[Date Prev][Date Next][Thread Prev][Thread Next][Date Index][Thread Index]

Re: [HTCondor-users] Killing job instead of putting on hold when Memory is exhausted



From: Tomas Kouba <tomas.kouba@xxxxxxx>
Date: 05/23/2016 04:40 AM
 
> Hello,
>
> I have configured HTCondor to run jobs with limited amount of memory via cgroups.
> Now I am testing what happens with jobs that allocate too much:
> - put on Hold
> - HoldReason = "Error from slot1@<node>: Job has gone over memory limit"
>
> Is it possible to tell HTCondor to kill the job instead of putting jobs on hold?
> (actually I would prefer killing jobs instead of holding under all
> circumstances, not only memory
> exhaustion).

The hold action is tied to the cgroup OOM killer so it's not under user governance,
but you can implement your desired policy by setting a "periodic_remove"
_expression_. For example, if your JobStatus is 5 (held), check for a HoldReasonCode
(page 955 of the 8.4.6 manual) of 34 which indicates a memory limit was hit. If
both conditions are true, you'd set periodic_remove to true, and then the job will
exit the queue at the next interval after being held due to memory exhaustion.

periodic_remove = (JobStatus == 5 && HoldReasonCode == 34)

My own system_periodic_remove _expression_ allows held jobs to stay in the queue for
up to five days keyed from the CompletionDate attribute, so that the users can see
them and adjust their submissions accordingly but without requiring the users
to manually clean up after themselves (since we all know how that usually goes).

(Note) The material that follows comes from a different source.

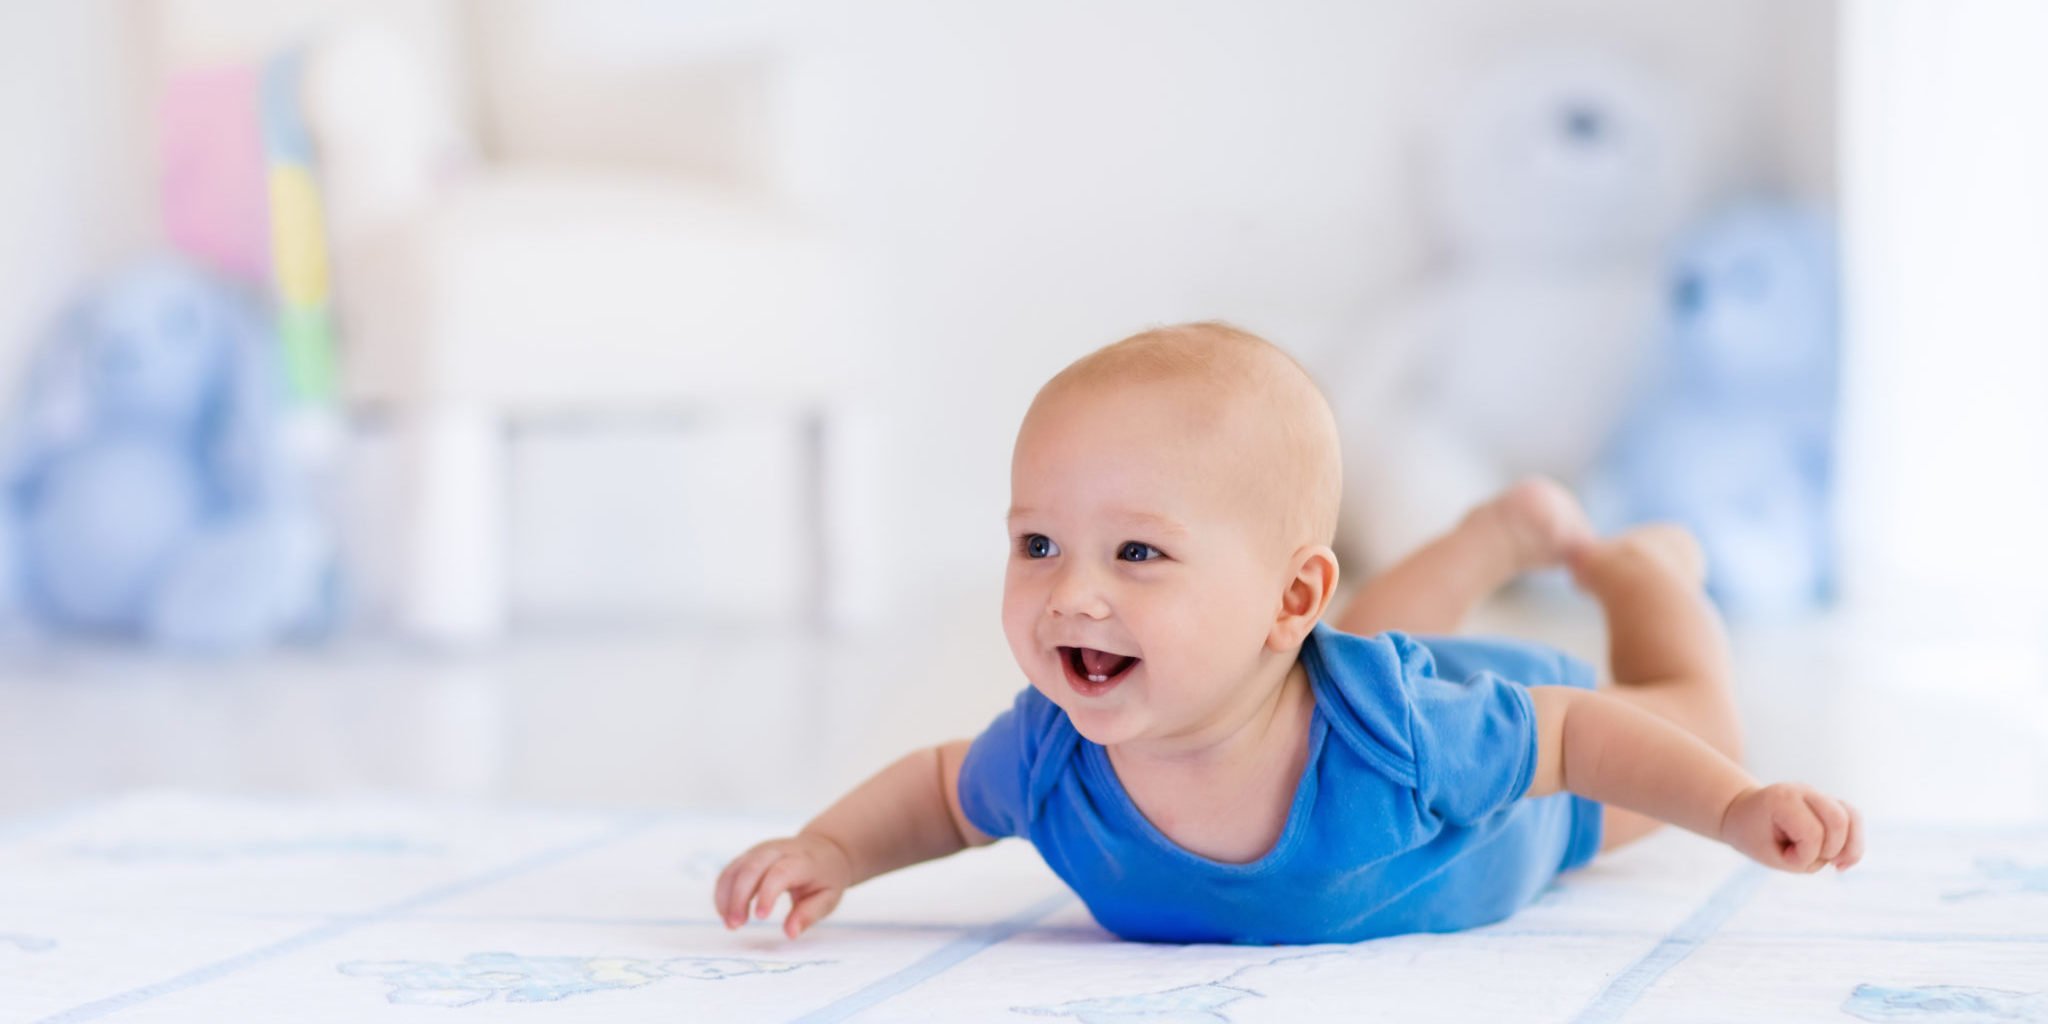 5 Important Reasons Your Baby Needs Healthy Tummy Time

One thing you might consider, however, is using the 34 code to resize the memory of
the job by some factor and allowing it to restart. You can do this with a
periodic_release _expression_ coupled with a request_memory _expression_ that sets
the memory request to either the baseline value for the job or some percentage
increase of the memory used in the last run where the memory was exhausted,
allowing the job to claim more memory at each run until it's able to finish
successfully. To limit the number of attempts, you'd incorporate NumJobStarts in
the _expression_.

        -Michael Pelletier.